Thursday, March 08, 2007

It's the Suburbs

Monday I realized what it was about the high school that really bothers me.

I mean there's definitely the jerky kids and there's the three hours of commuting every day. There's the constant feeling of being an outsider, due to the language and culture. There's the hopelessness when I go to ask a certain administrator a question and I have five minutes and he's talking in circles, not really getting to the answer, and eating up time - that blah-blah way of answering that he has. But the thing I really don't like is that it feels like I'm working in the suburbs.

Lisa, in Green Acres, states: "New York is where I'd rather stay.

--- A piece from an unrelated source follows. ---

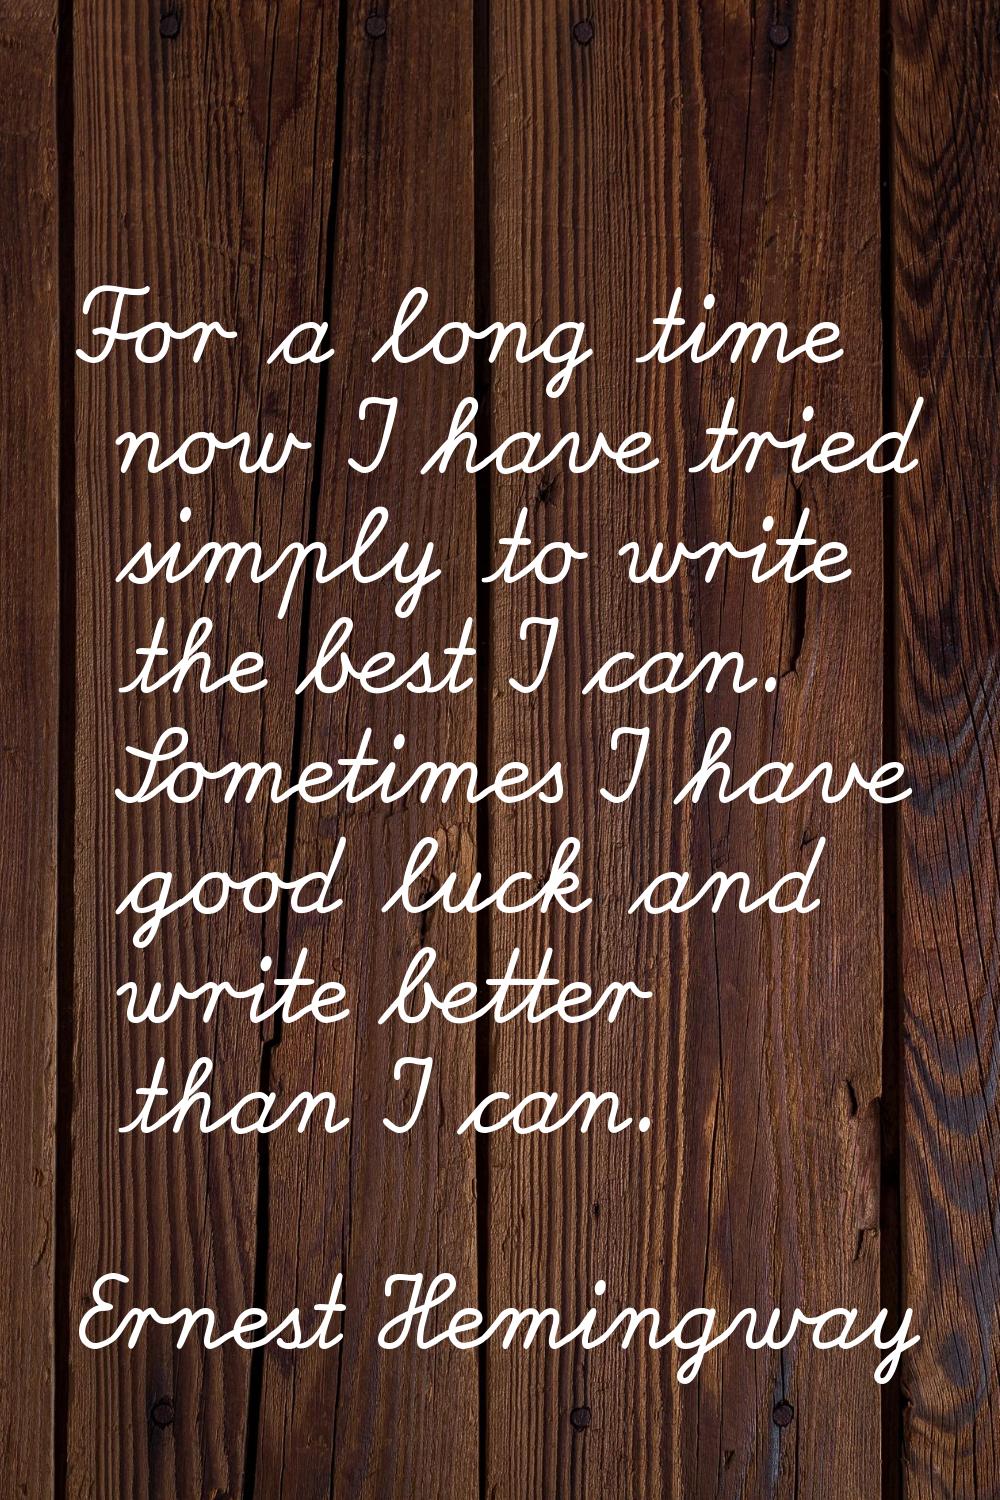 For a long time now I have tried simply to write the best I can. Sometimes I have good luck and wri

I get allergic smelling hay. I just adore a penthouse view. Darling, I love you, but give me Park Avenue." That's how I feel about Amsterdam. The Hague seems like the sticks. There's also the fact that I get to The Hague and then I travel into it (i.e. away from the Center) for half an hour.) It's like I could be in my home town. There's a real attitude in The Hague of this laid back, wholesome life.

It's like I looked up and I suddenly realized that I was smack dab in the middle of the exact place I've been running from my whole life. I'm a city guy. Fort Worth, New York, Amsterdam. Two out of the three on the small side, but all three with a lovely feeling of anonymity. A place where you can get lost, re-invent yourself and where you have to watch or you will get run over by someone on a bike or in a car.

Plus, people have suburb attitudes and it's hard to be around that all day. At the college, it feels like a college. It's set apart from the city in a rather industrial area, but it's not all "family" and there's not that ratched down feeling of "Slow down, man. You're walking so fast. What's the hurry?" Makes me feel like I'm walking through a lake of honey.